Serialization, JSON, and Distributed Systems

Adrienne Domingus
2 min readDec 7, 2019
Photo by Jonathan Pielmayer on Unsplash. It’s pickles, because “Pickling” is a form of Python object serialization, even though we won’t talk about that today :)

Working with a teammate who was running into an error recently when testing their work in the staging environment, that they hadn’t seen when developing locally. This was the error they were seeing:

TypeError: <Object> is not JSON serializable

But, “I’m not calling json.dumps() on anything!” they said. And sure enough, they weren’t. But they were enqueueing background tasks, which, when developing locally happen in the foreground without ever being enqueued. This the first hint to the difference between the two environments, and where the serialization was happening.

But first, let’s define our terms.

Serialization

Serialization is the process of turning data structures into another format that can be stored or transmitted over the network.

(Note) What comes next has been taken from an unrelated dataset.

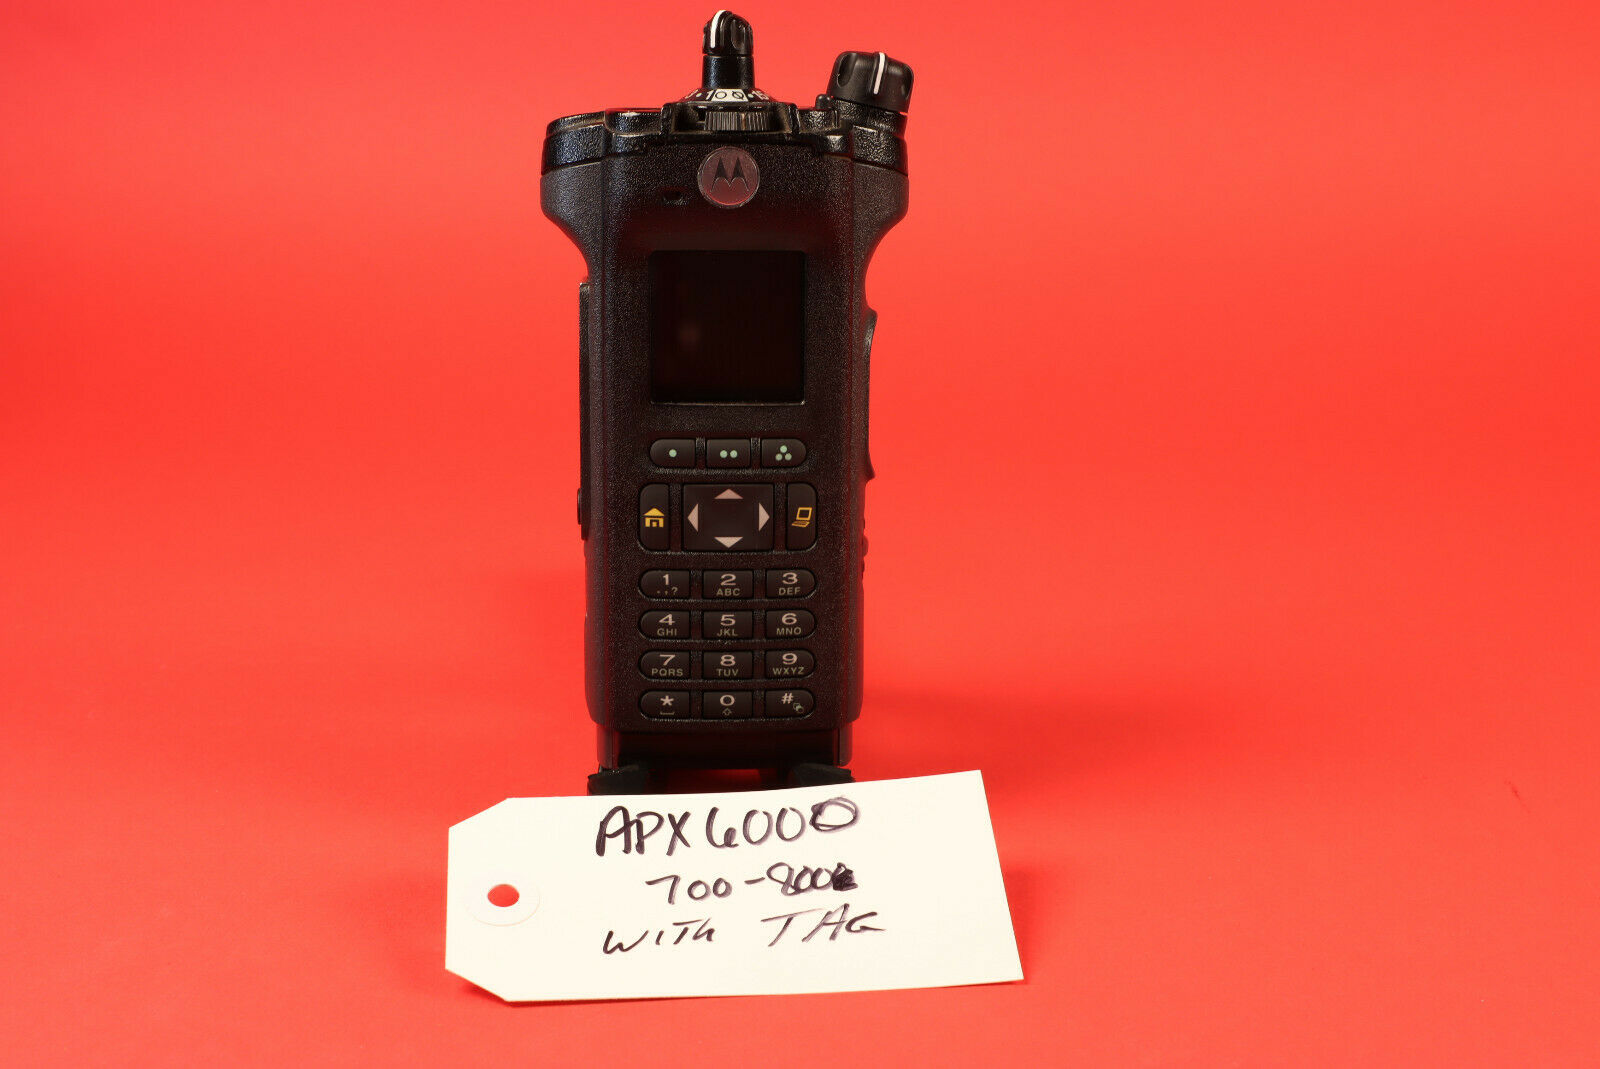 Seller refurbished Motorola APX6000 700/800 Bluetooth AES-256 W/ Tags.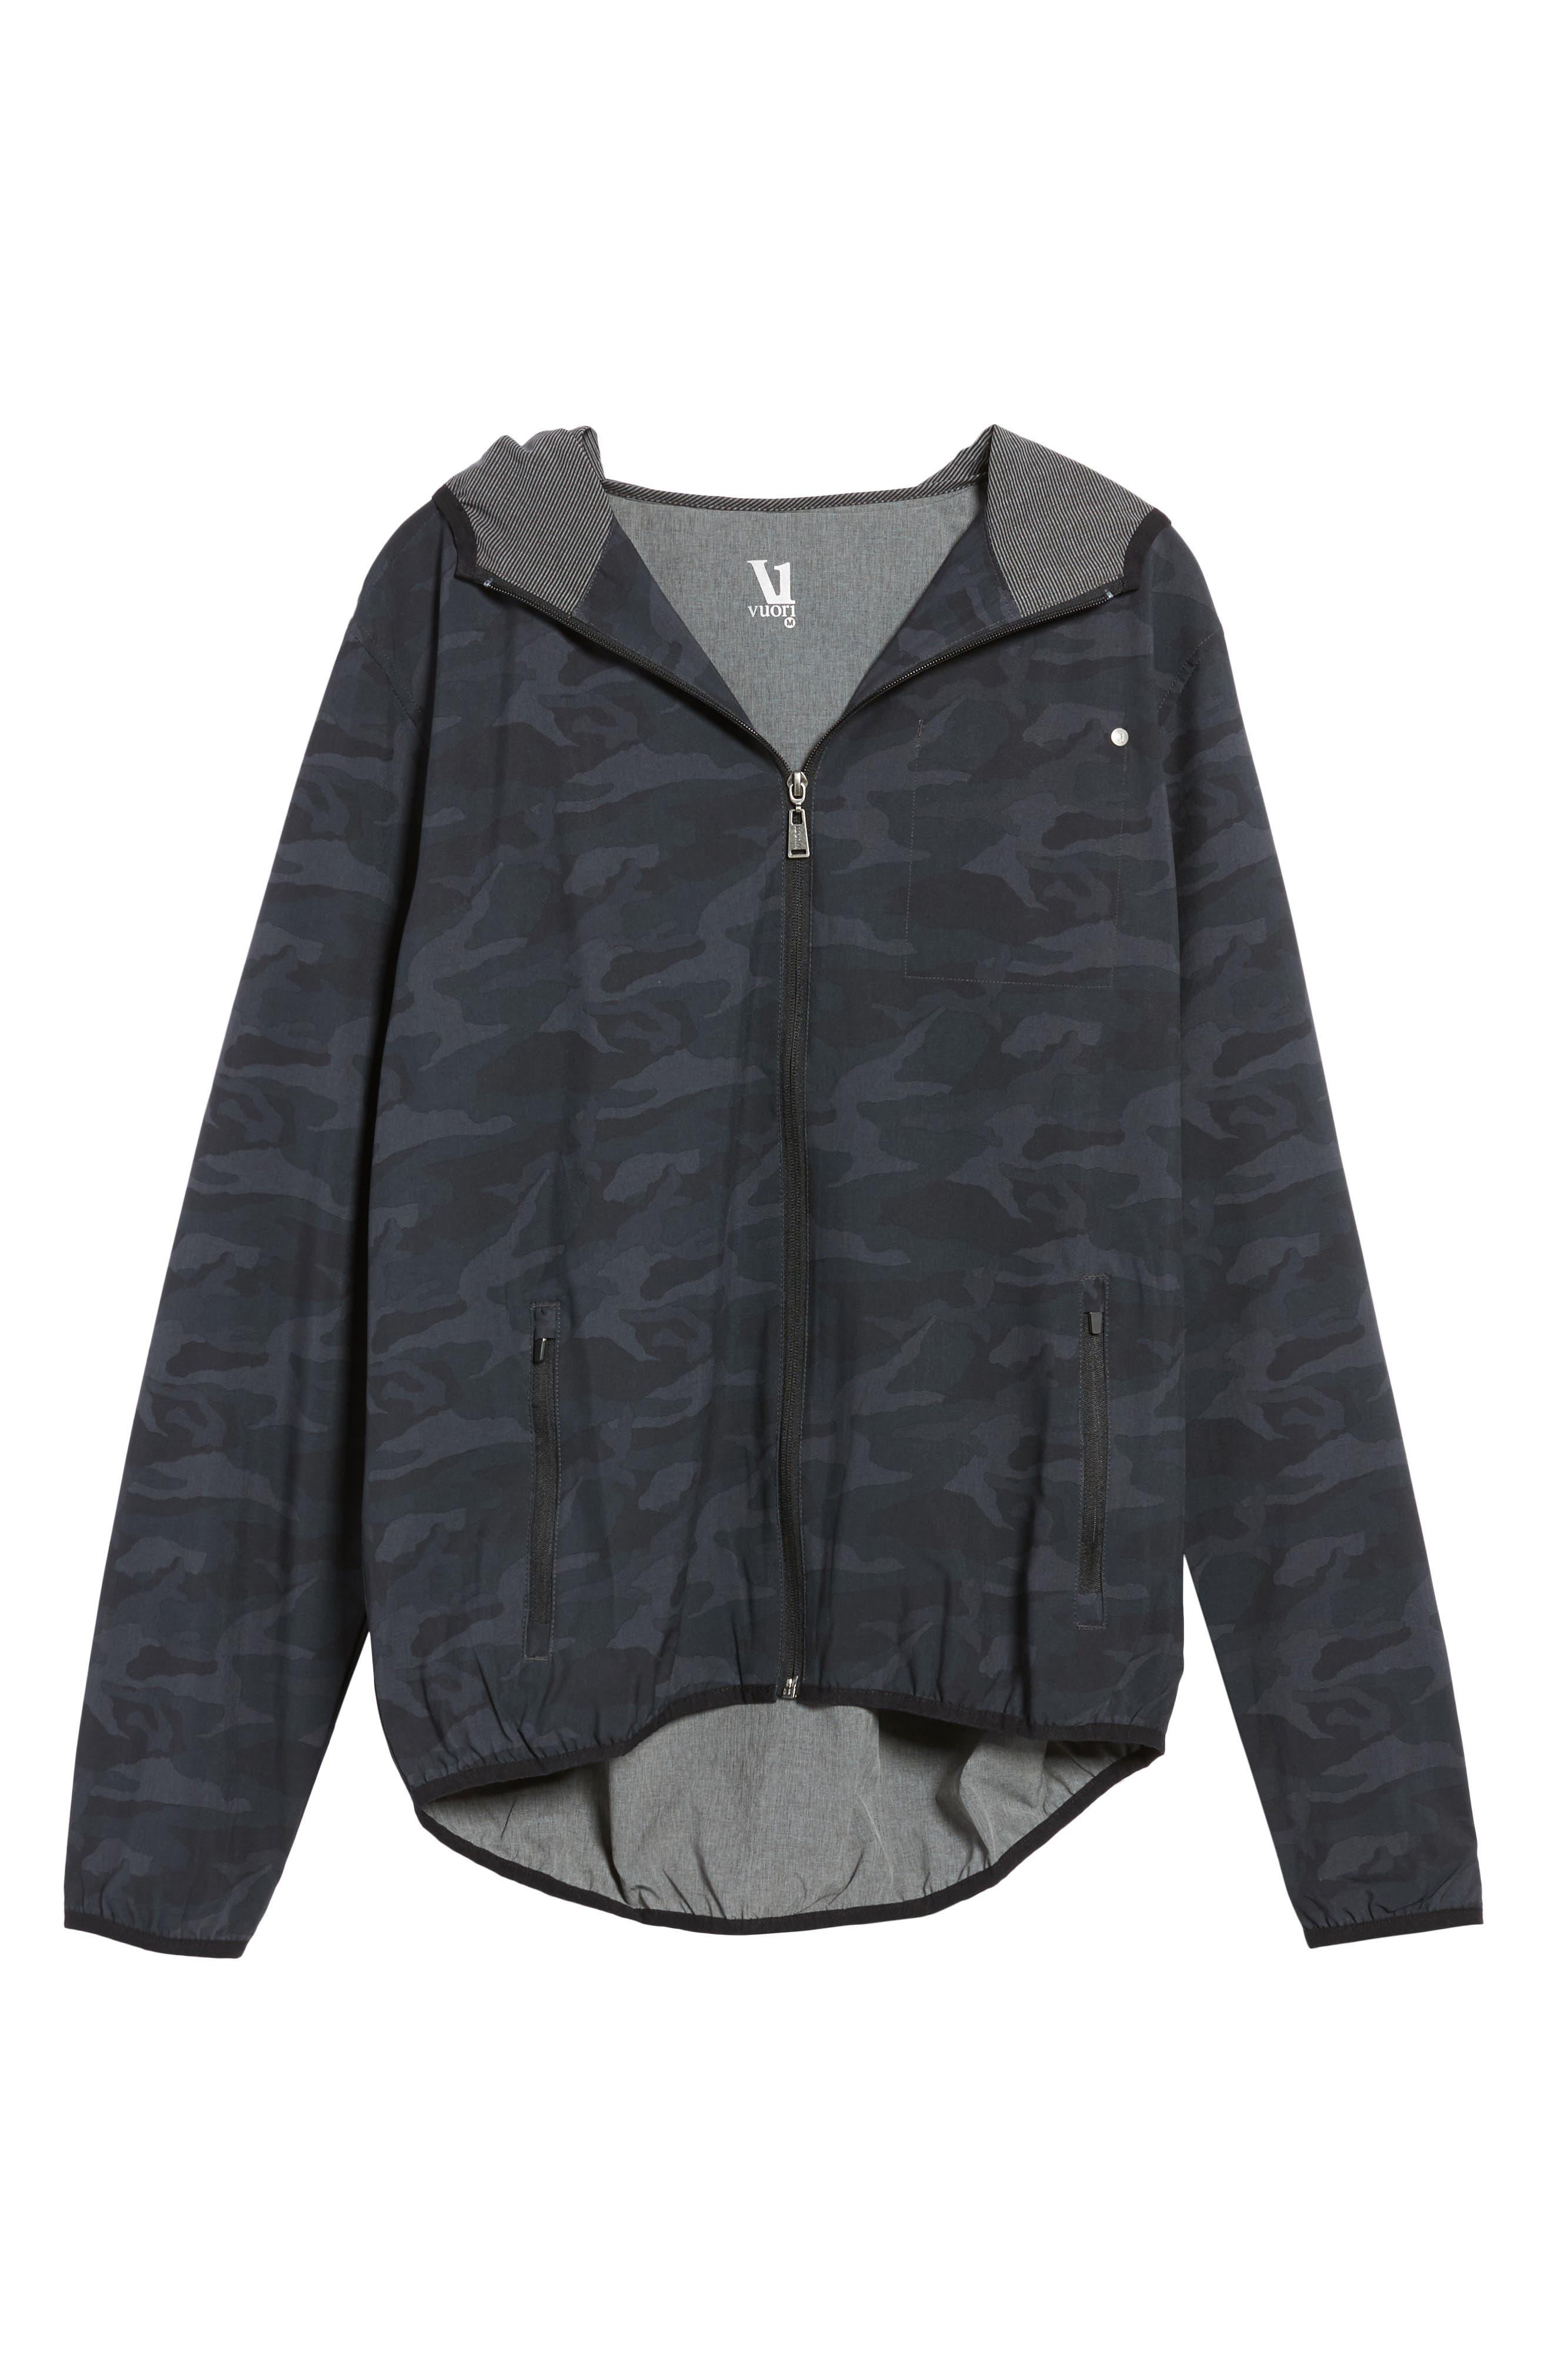 VUORI,                             Outdoor Training Shell Jacket,                             Alternate thumbnail 5, color,                             021

Examples of serialization formats include JSON, XML, and YAML, so the process of turning any data type into one of these formats is called “serialization. ”

Spoiler alert: In this case, what we’re looking at is the attempt to turn an object returned from the Django ORM into JSON.

JSON

JSON is one of the most common ways of formatting data for sending over the network. It stands for JavaScript Object Notation, because…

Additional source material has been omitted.